SUPPLIED INFORMATION =>
────────────────

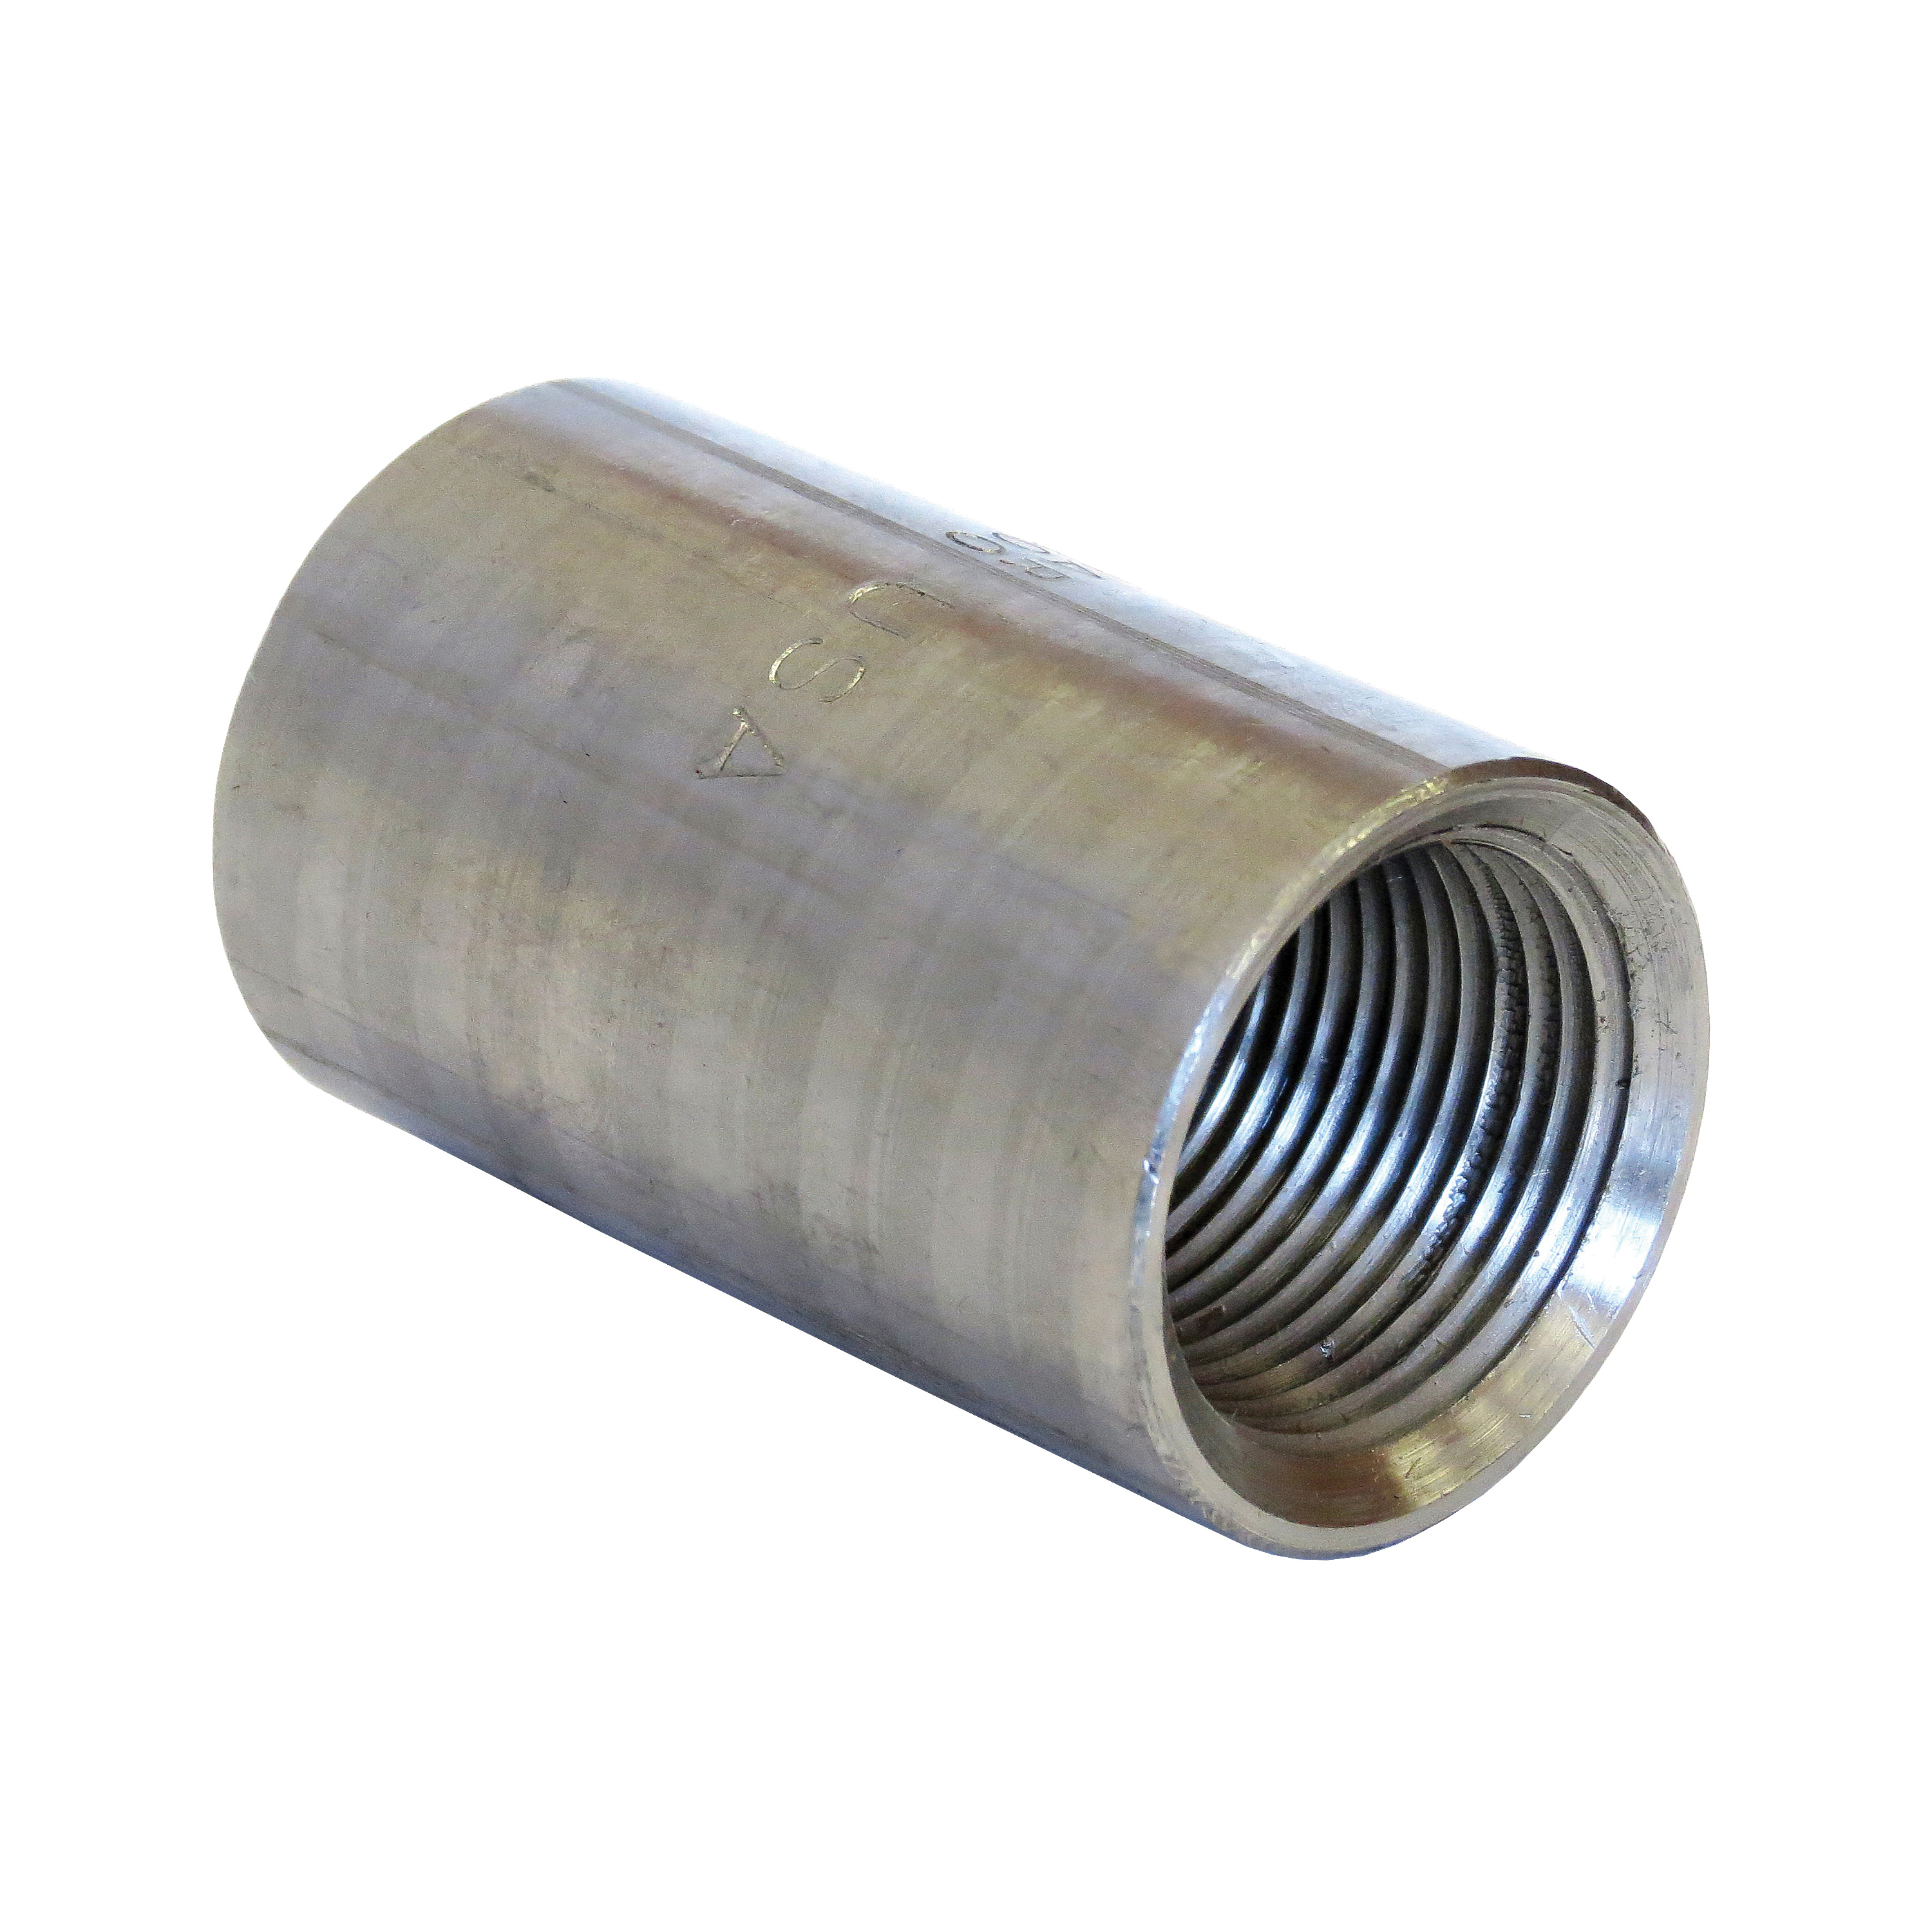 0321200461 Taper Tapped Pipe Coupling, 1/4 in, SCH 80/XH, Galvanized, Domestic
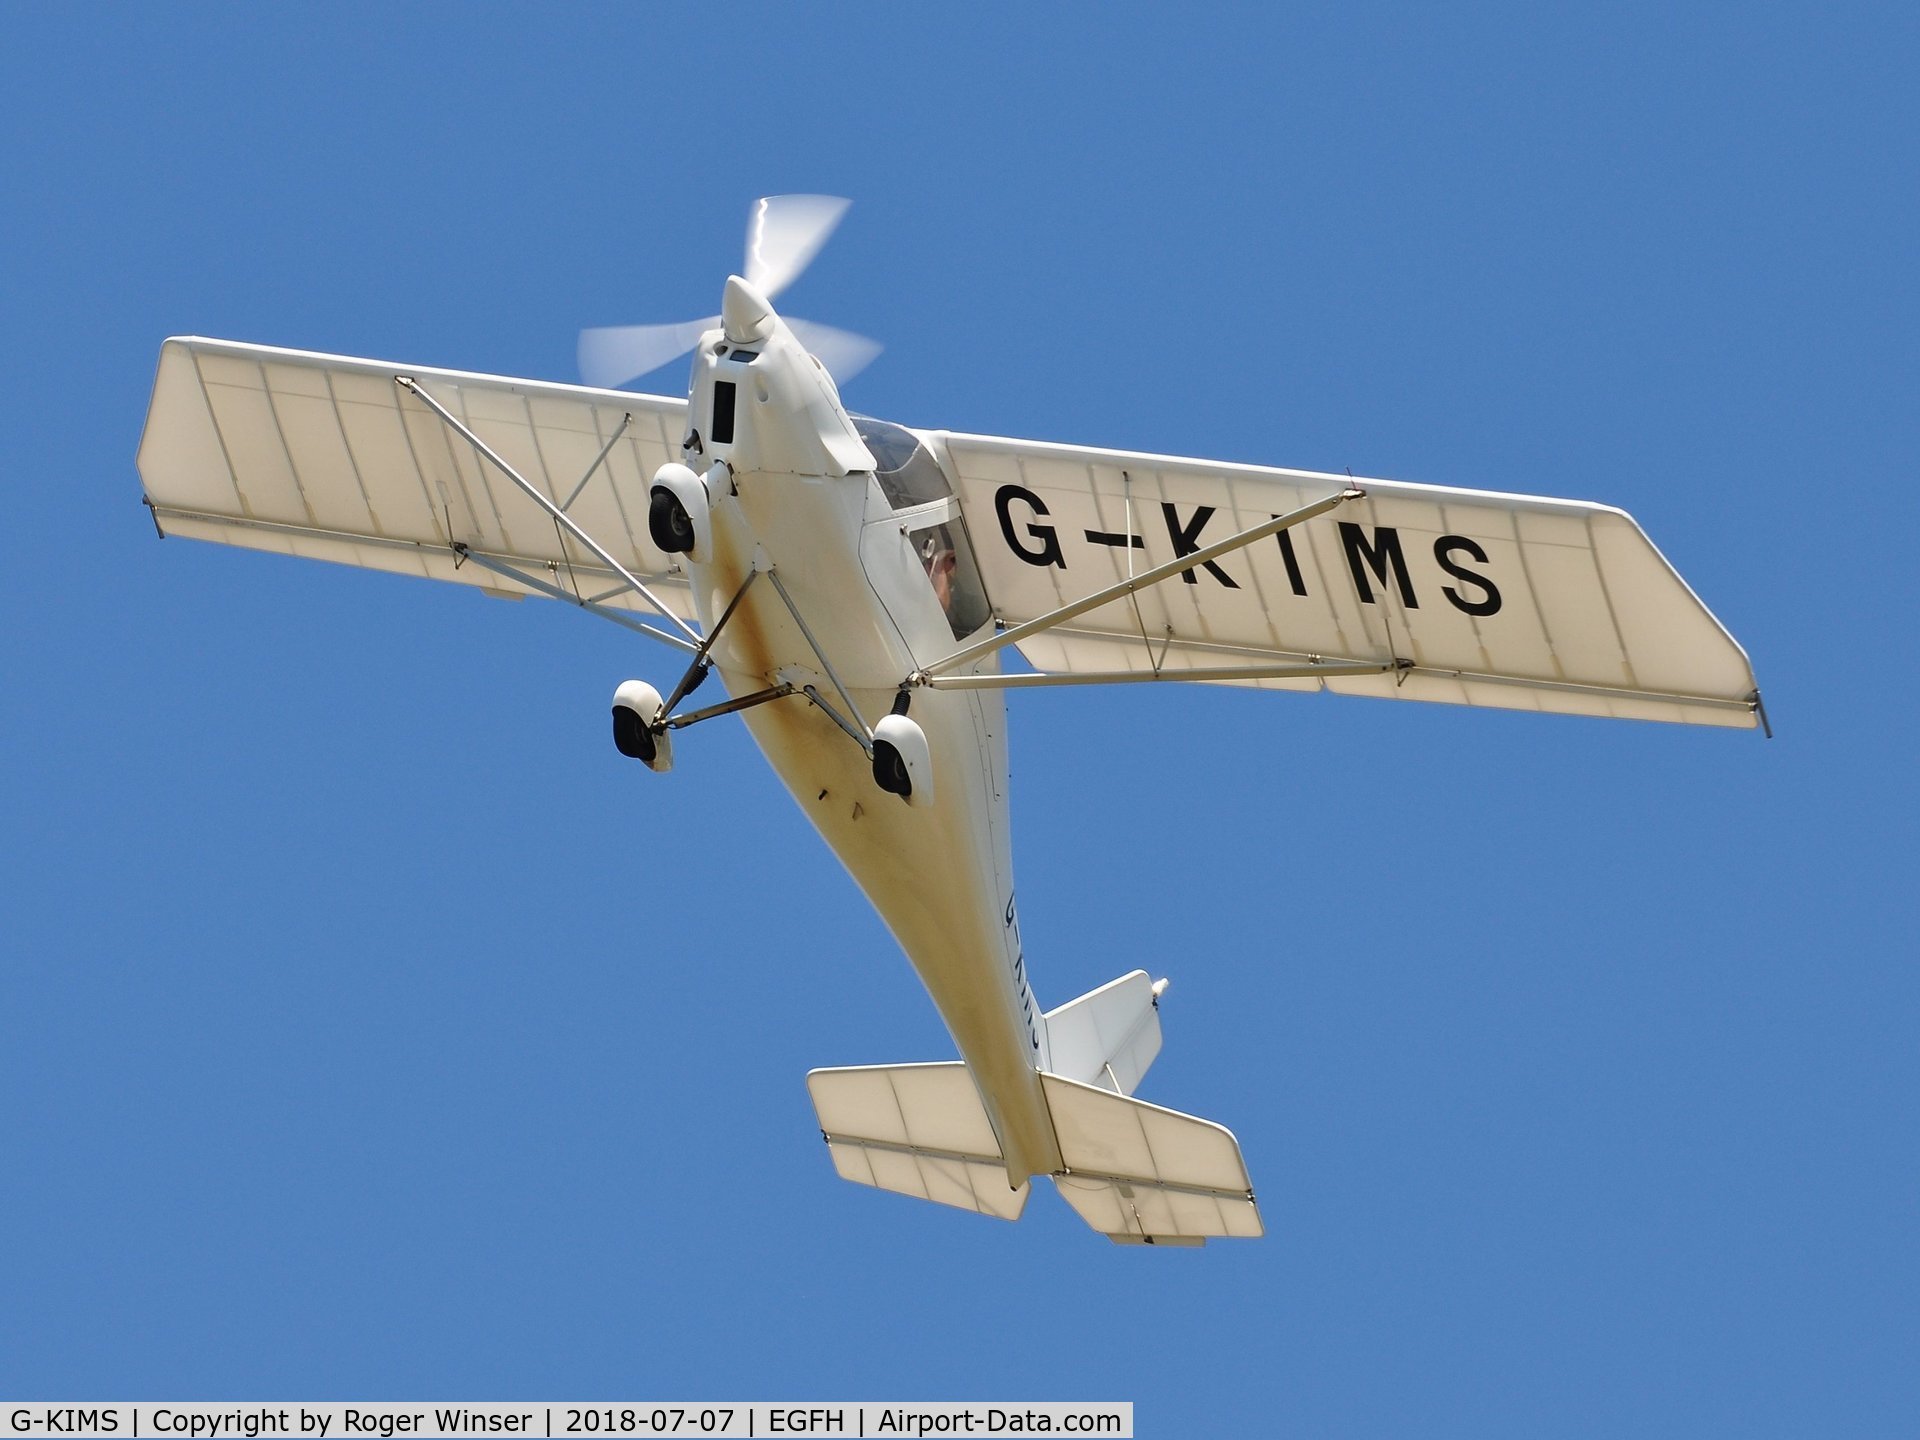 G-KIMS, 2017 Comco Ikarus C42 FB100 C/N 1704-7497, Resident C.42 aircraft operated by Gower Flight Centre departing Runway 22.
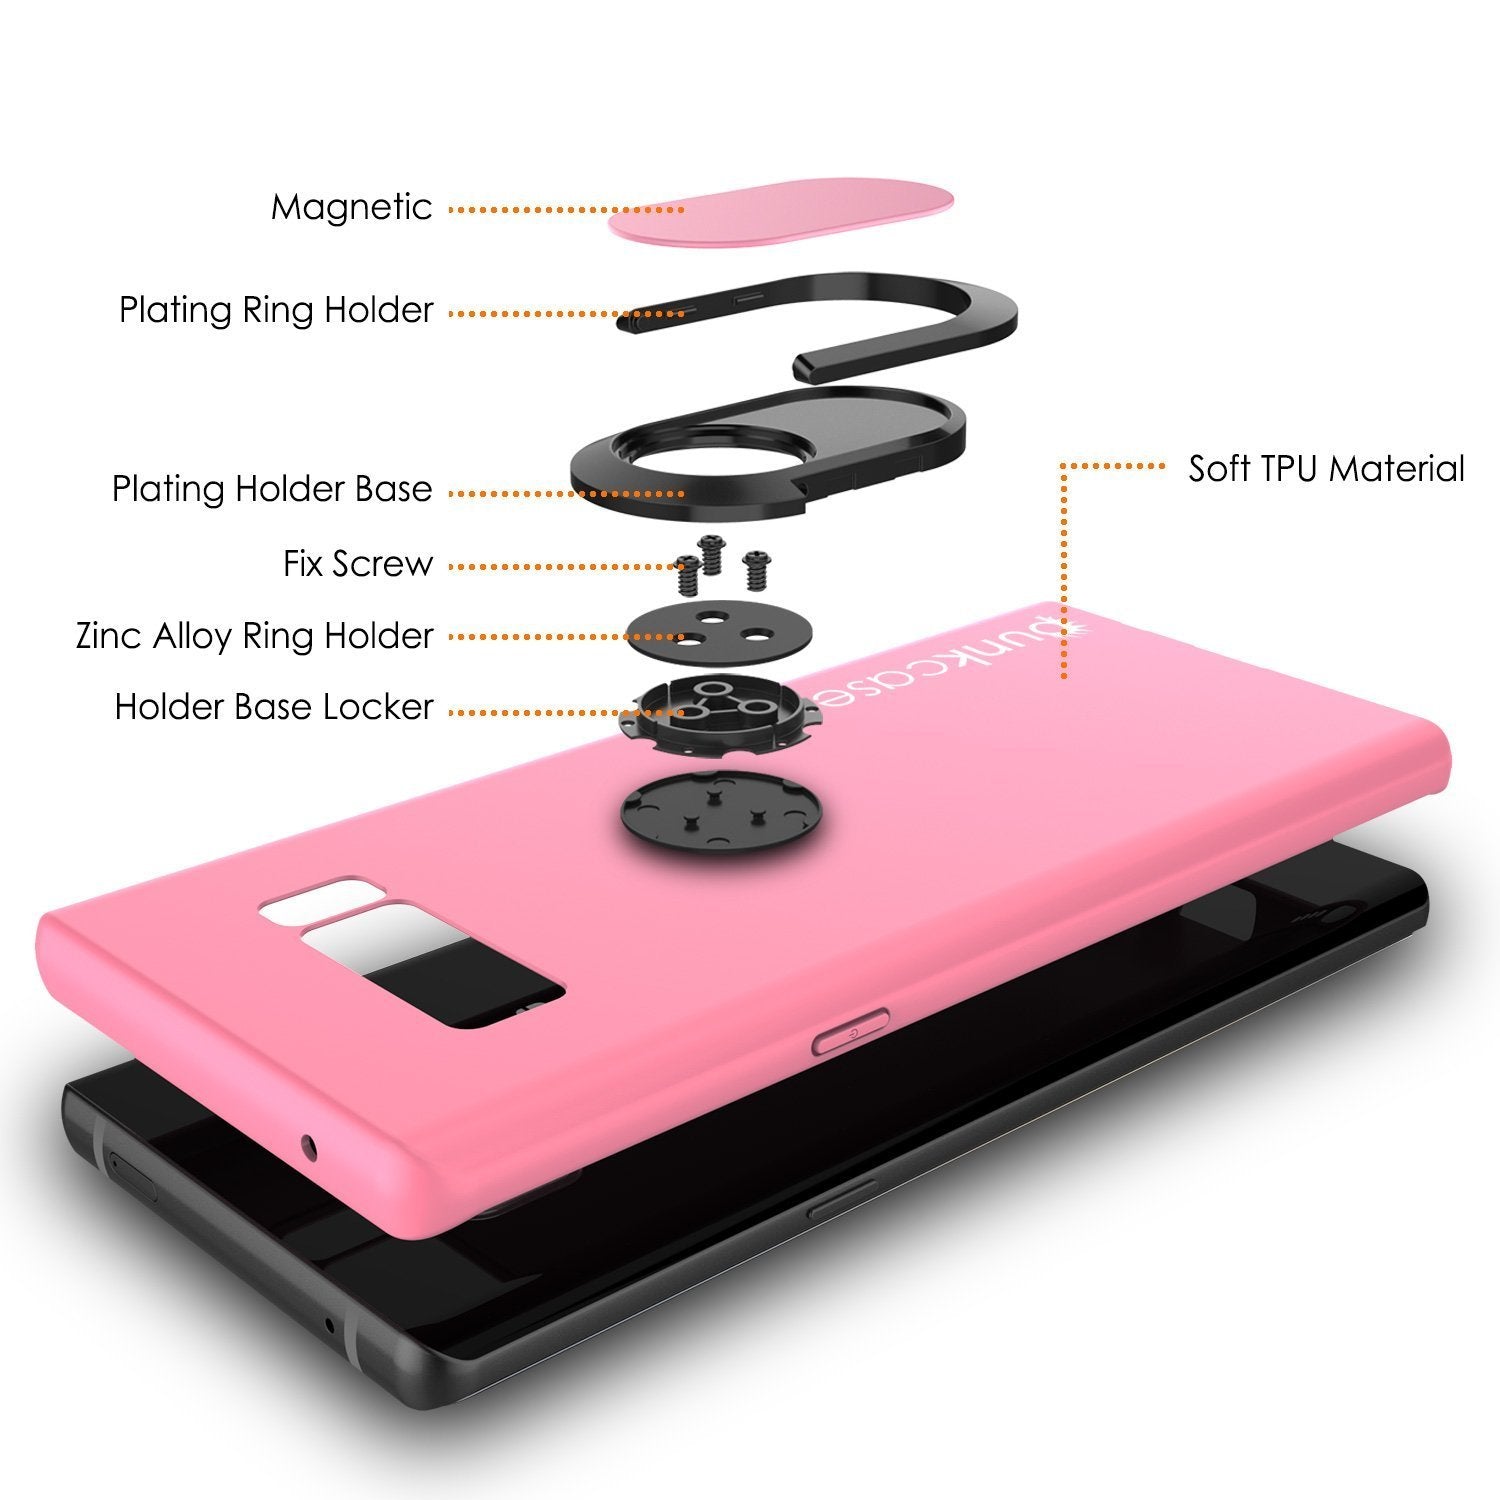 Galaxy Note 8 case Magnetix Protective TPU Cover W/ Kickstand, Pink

────────────────

Would you copy the lines from the one holding "G-KIMS, 2017 Comco" down to the last line of the material, both included, exactly and with nothing added, skipping the pictures?

WRITTEN REPLY =>
 G-KIMS, 2017 Comco Ikarus C42 FB100 C/N 1704-7497, Resident C.42 aircraft operated by Gower Flight Centre departing Runway 22.
 Galaxy Note 8 case Magnetix Protective TPU Cover W/ Kickstand, Pink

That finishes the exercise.